Я снова, еще более настойчиво, завладела его губами.
— Тогда не думай, — прошептала я в коротком промежутке между поцелуями. — Я хочу жить. Ты сам говорил.
— Рита…
— Просто не мешай мне, — я начала задыхаться, сердце колотилось уже где-то в горле, — я так хочу.
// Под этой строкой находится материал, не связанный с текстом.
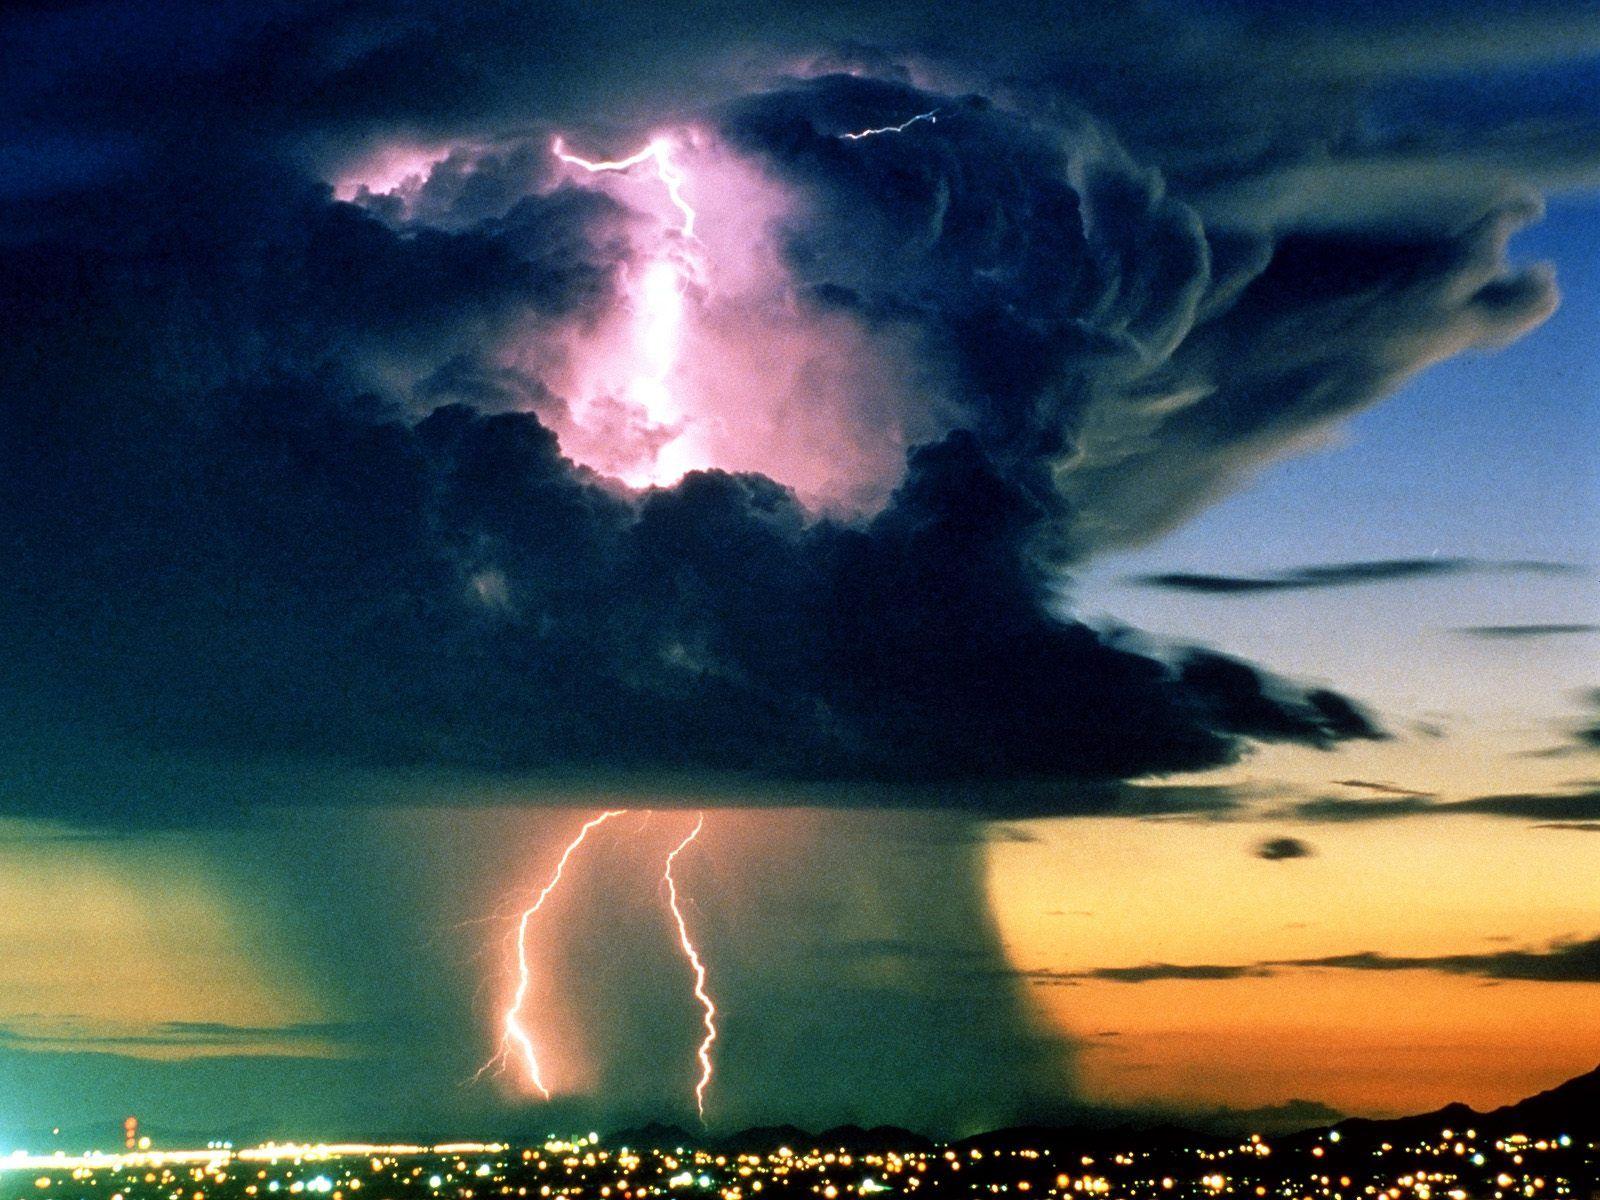 thunderhead clouds wallpaper - photo #27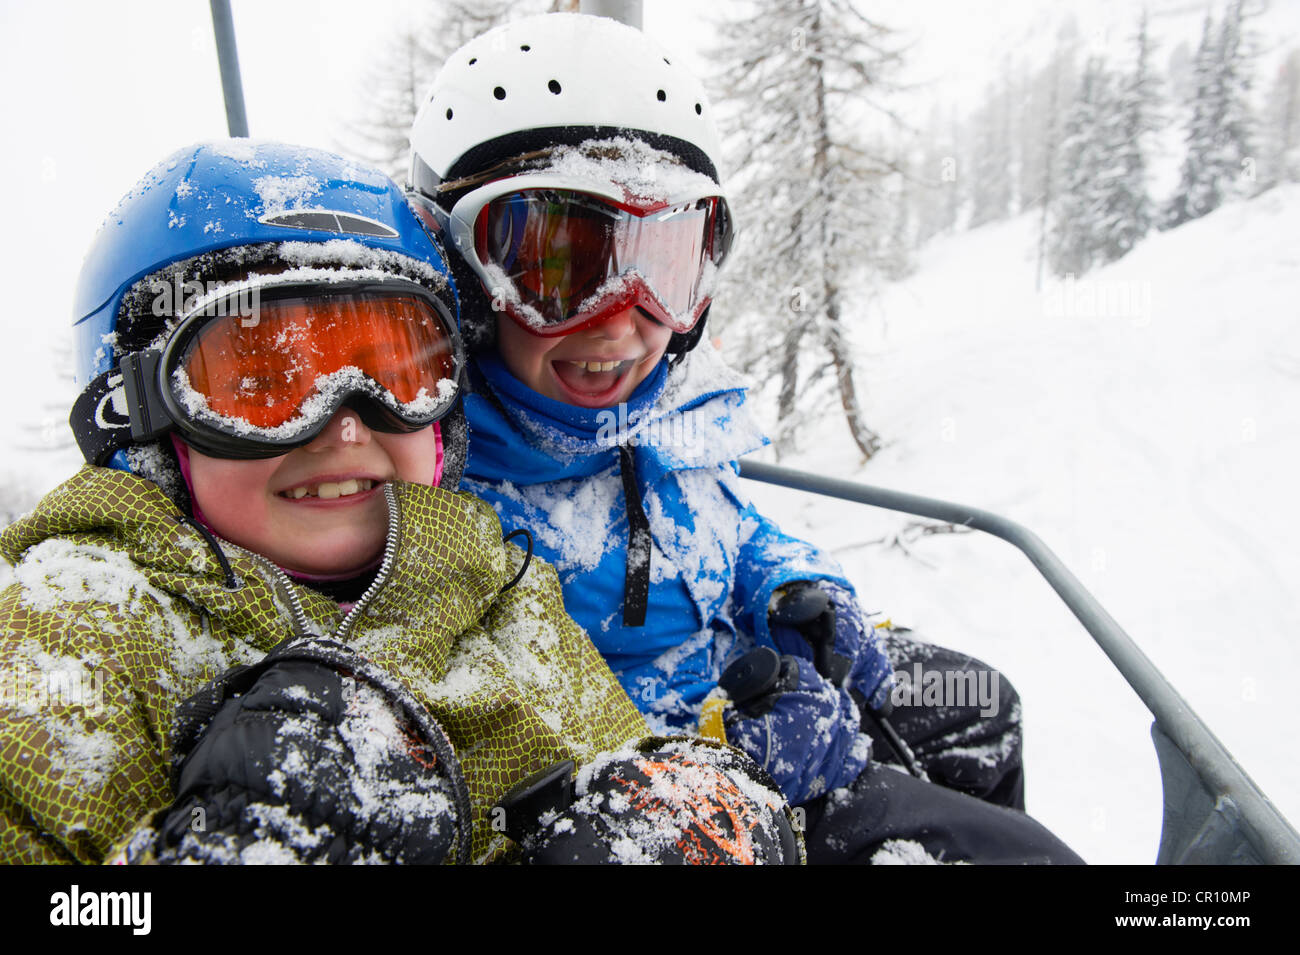 Snow-covered children in ski lift - Stock Image

Черт его знает, что именно переключилось в моей голове, но реакция оказалась необратимой. Мне захотелось стать собственницей, хозяйкой, королевой. Я должна была завладеть его телом во что бы то ни стало. Завладеть однозначно и грубо, по-животному, повинуясь неотступному инстинкту. Я сбросила одеяла с кровати на пол и подошла к Егору, глядя на него сверху вниз. Потом взяла его руку, которая лежала на подлокотнике кресла тяжело и безжизненно. Большая и мягкая ладонь удобно легла в мою и ожила. Егор посмотрел долгим взглядом мне прямо в глаза, поднялся и послушно пошел за мной.
Я раздевалась сама — не хотела, чтобы он путался во всех этих молниях-застежках-крючках. Егор молча следовал моему примеру. Полная луна с бесстыдным любопытством наблюдала за нами через окно и прозрачные легкие занавески — портьеры я забыла задвинуть.
— Полнолуние, — негромко произнес Егор.
— Да. Нечисть набирает силу, — прошептала я ему в самое ухо, — и мертвые тоже.
— Ты мертвая? — спросил он, целуя меня в шею.
— Потом узнаешь, — прошелестела я. — Главное, что с тобой я оживаю.
Мы снова долго целовались и едва ощутимо касались пальцами друг друга: от этих легких, как крылья бабочки, прикосновений меня охватывала дрожь, а ополоумевшие мурашки носились по всему телу, стараясь заранее угадать, куда в следующее мгновение переместятся руки Егора. Потом он осторожно уложил меня прямо на пол — на сброшенные одеяла — именно так, как я и хотела, продолжая ласкать пальцами и губами, я отвечала тем же. В движениях Егора не было ни капли торопливости или нетерпения. О том, что он, как и я, распален до предела, говорила только невообразимо горячая кожа и огромное, твердое, как кол, мужское естество. Я застонала в голос, сжав его в ладони, а Егор откинул голову и прикрыл глаза.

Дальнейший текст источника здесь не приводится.